-- LISTED RECORDS --
++++++++++++++++++++

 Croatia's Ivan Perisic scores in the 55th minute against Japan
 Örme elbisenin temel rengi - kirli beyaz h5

++++++++++++++++++++

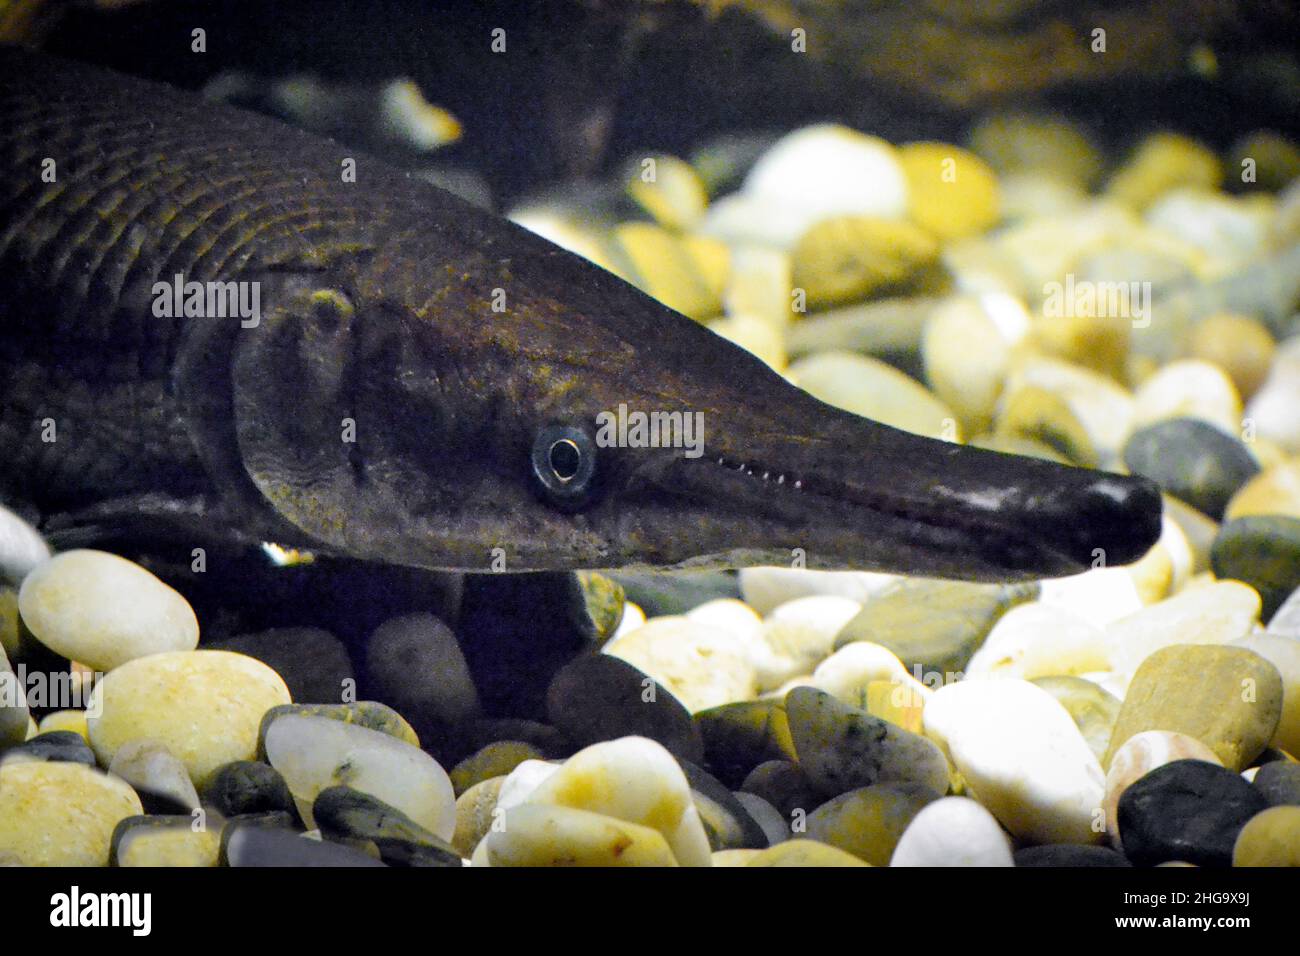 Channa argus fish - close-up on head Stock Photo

++++++++++++++++++++

Output exactly the lines of the material above from the one containing "Croatia's Ivan Perisic" up to and including the one containing "Örme elbisenin temel rengi - kirli beyaz h5".

 Croatia's Ivan Perisic scores in the 55th minute against Japan
 Örme elbisenin temel rengi - kirli beyaz h5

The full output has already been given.